For more information on this and related issues, check out OSU's Applied Economics Outreach Blog. Facts and figures above were summarized from a July 2022 USDA Economic Research Service report.
- 1Fruit excludes tree nuts and bananas but includes melons. Vegetables exclude melons, sweet potatoes, mushrooms, and pulse crops. Fresh-cut vegetables are included in the "Fresh vegetables category. These statistics are based on a subset of fruit and vegetable commodities that have adequate data to report production, imports, and exports.
- 2 a b c d When the United States does not produce tropical fruit but does export it, the import share of availability is greater than 100 but is capped at 100 in this table.

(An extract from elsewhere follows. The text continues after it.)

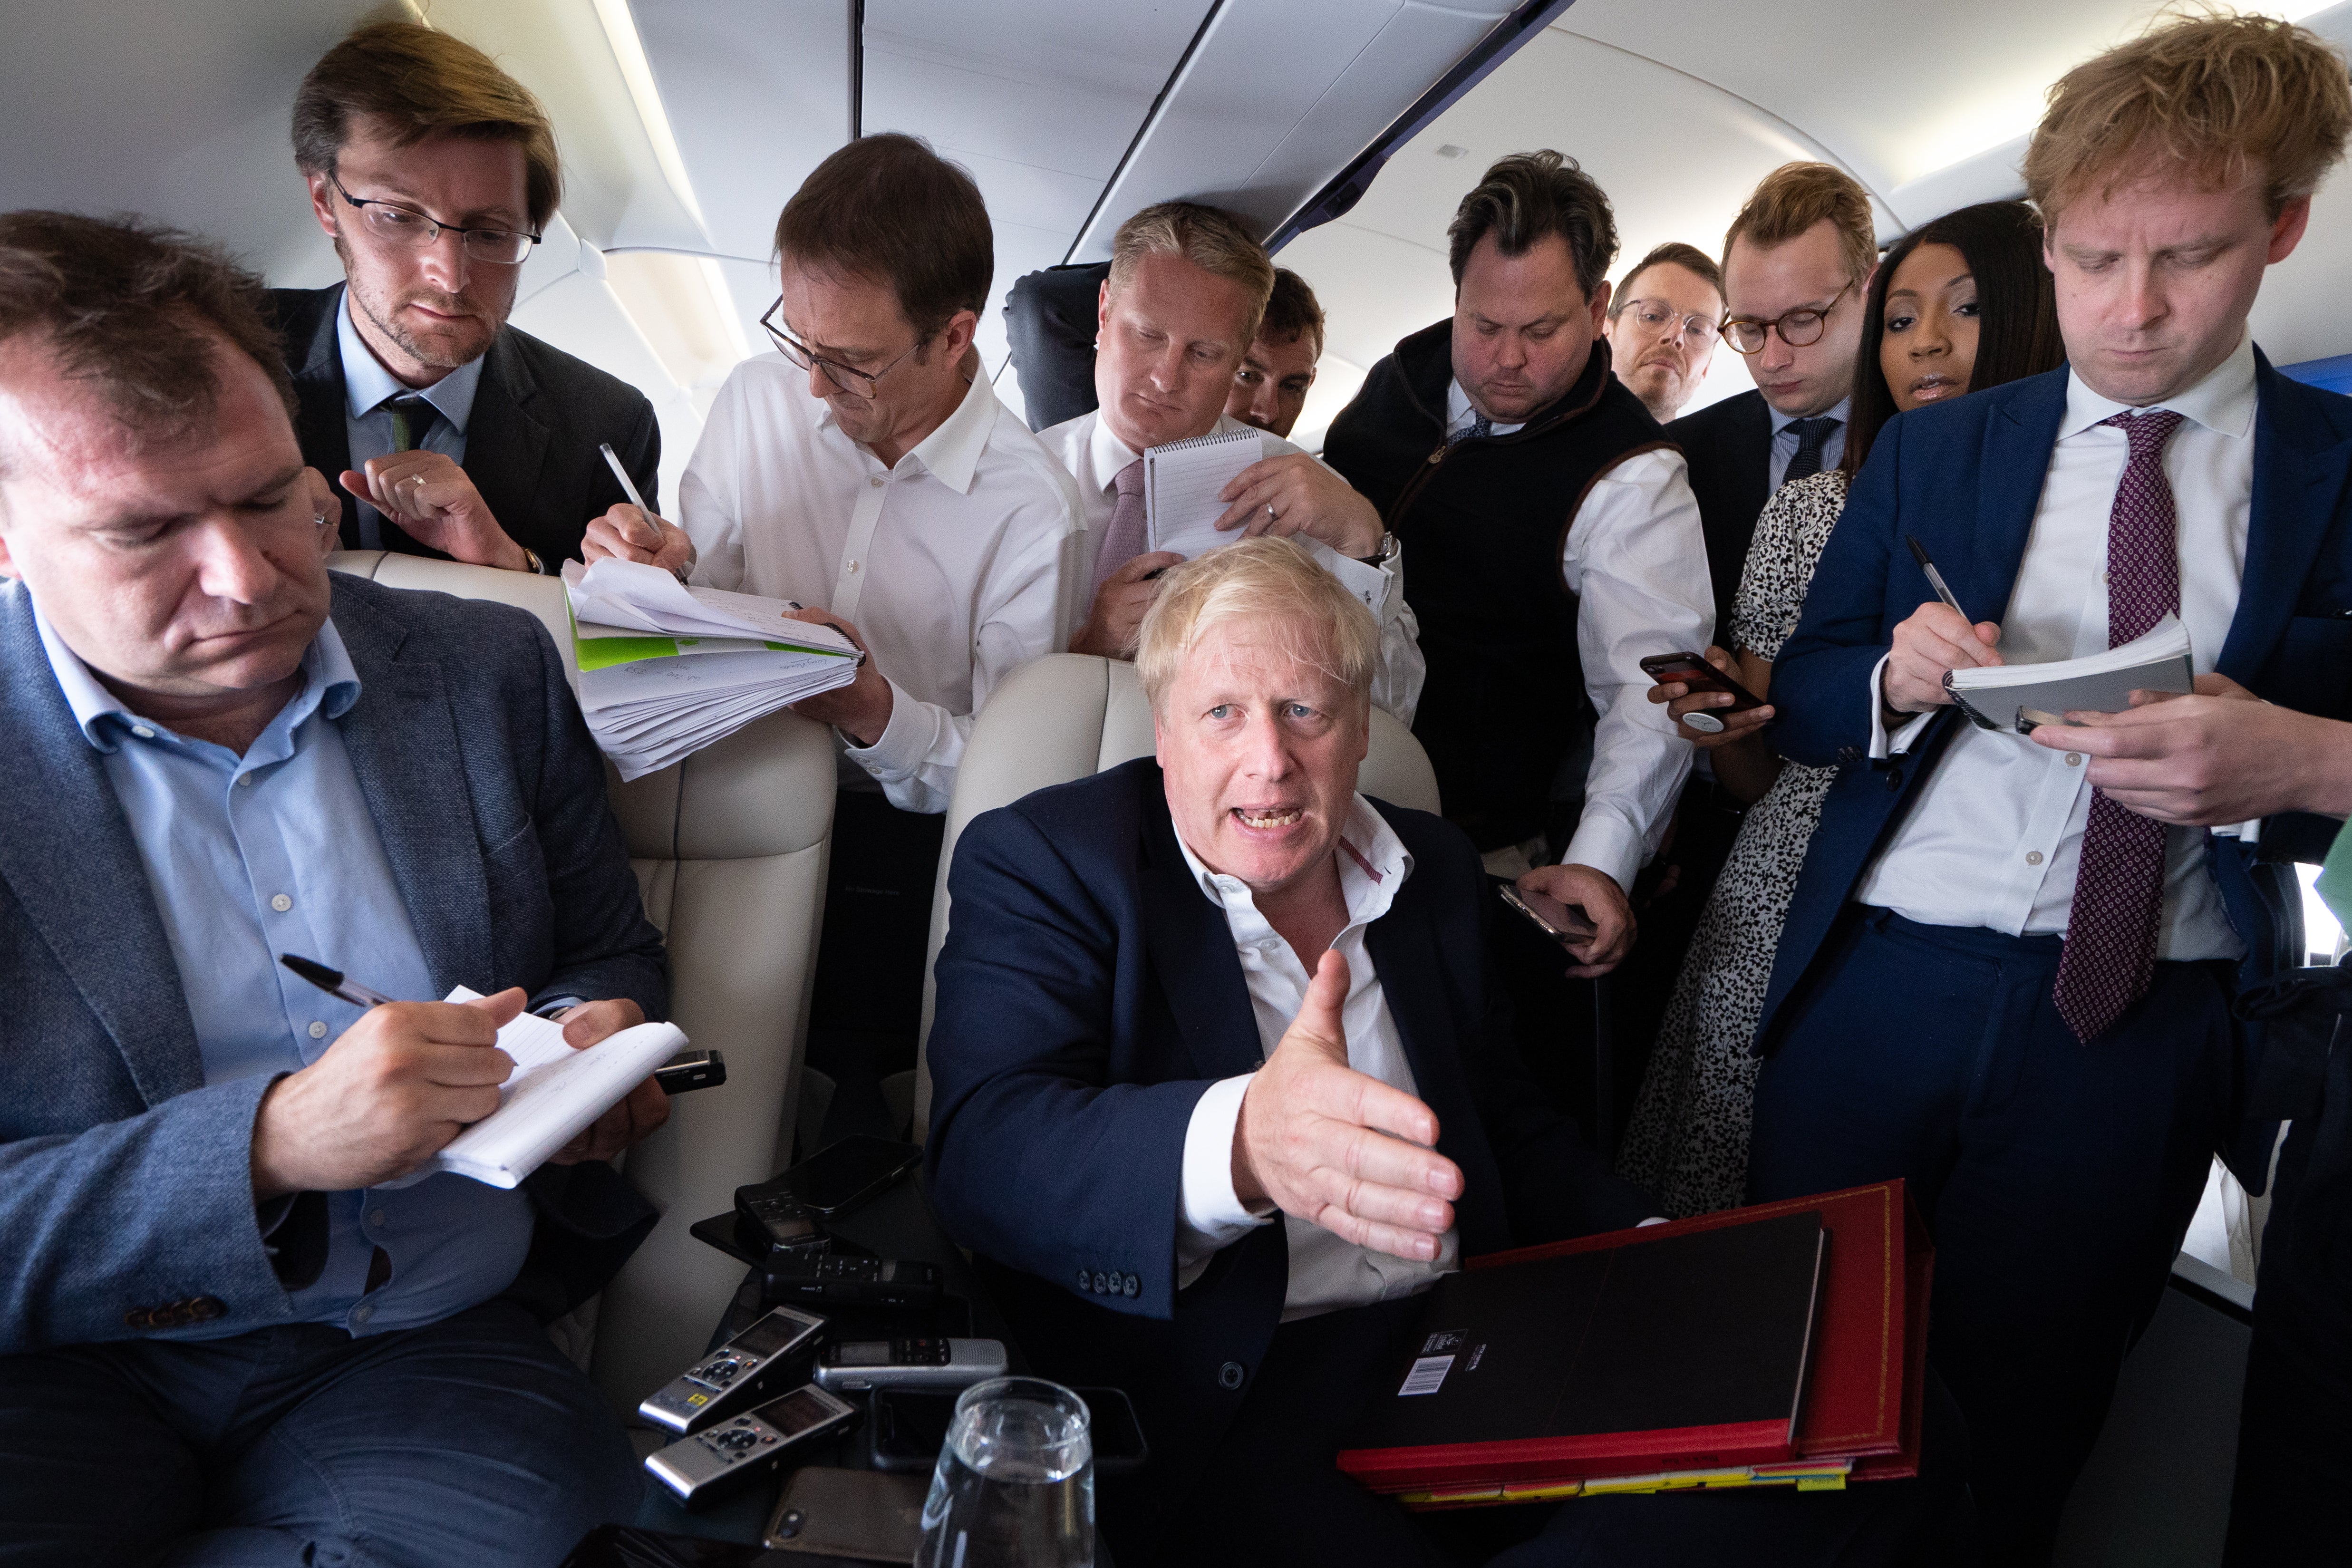 Prime Minister Boris Johnson talks to journalists on his plane during a flight from Germany to the Nato summit in Madrid (Stefan Rousseau/PA)

- 3The 2000-2002 average is based on only 2000-2001 because data was discontinued.
- 4Green onion statistics come from USDA, Agricultural Marketing Service (AMS). Percent change is based only on domestic shipments and imports, not exports.
- 5 a b c d e Includes both fresh and processed imports.